We present a novel approach for the detection of severe obstructive sleep apnea (OSA) based on patients’ voices introducing nonlinear measures to describe sustained speech dynamics. Nonlinear features were combined with state-of-the-art speech recognition systems using statistical modeling techniques (Gaussian mixture models, GMMs) over cepstral parameterization (MFCC) for both continuous and sustained speech. Tests were performed on a database including speech records from both severe OSA and control speakers. A 10 % relative reduction in classification error was obtained for sustained speech when combining MFCC-GMM and nonlinear features, and 33 % when fusing nonlinear features with both sustained and continuous MFCC-GMM. Accuracy reached 88.5 % allowing the system to be used in OSA early detection.
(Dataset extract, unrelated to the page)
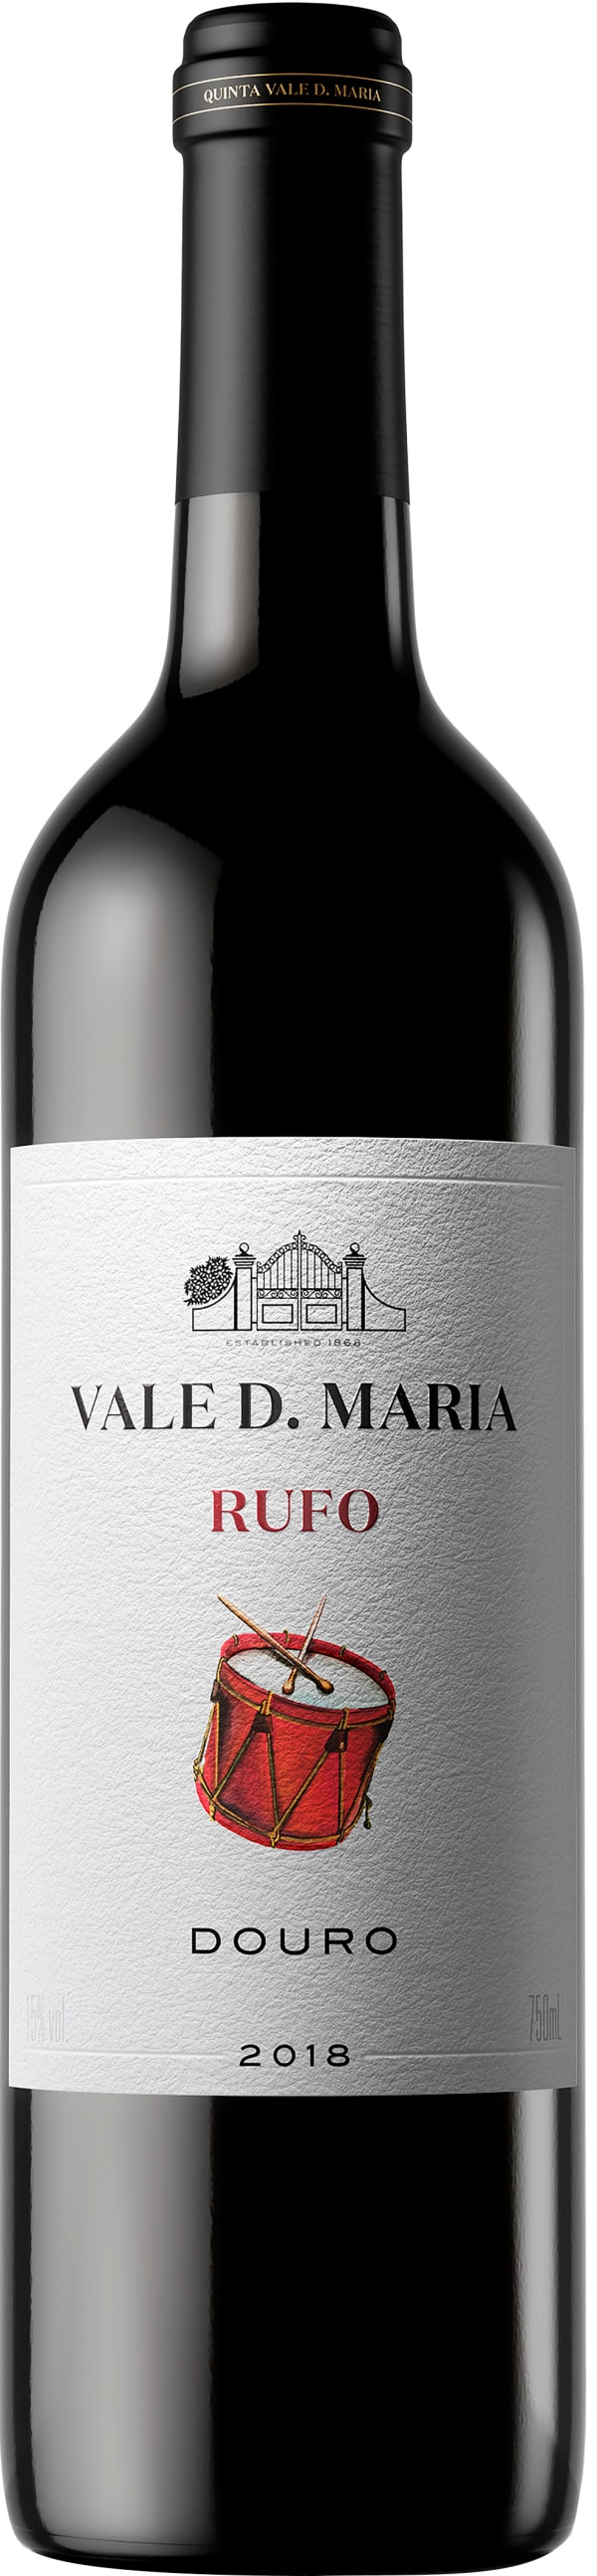 Vale D. Maria Rufo 2015

Tests showed that nonlinear features and MFCCs are lightly correlated on sustained speech, but uncorrelated on continuous speech. Results also suggest the existence of nonlinear effects in OSA patients’ voices, which should be found in continuous speech.

Keywords

Obstructive sleep apnea (OSA) Continuous speech Sustained speech Gaussian mixture models (GMMs) Nonlinear analysis Speech dynamics Classification and regression tree (CART)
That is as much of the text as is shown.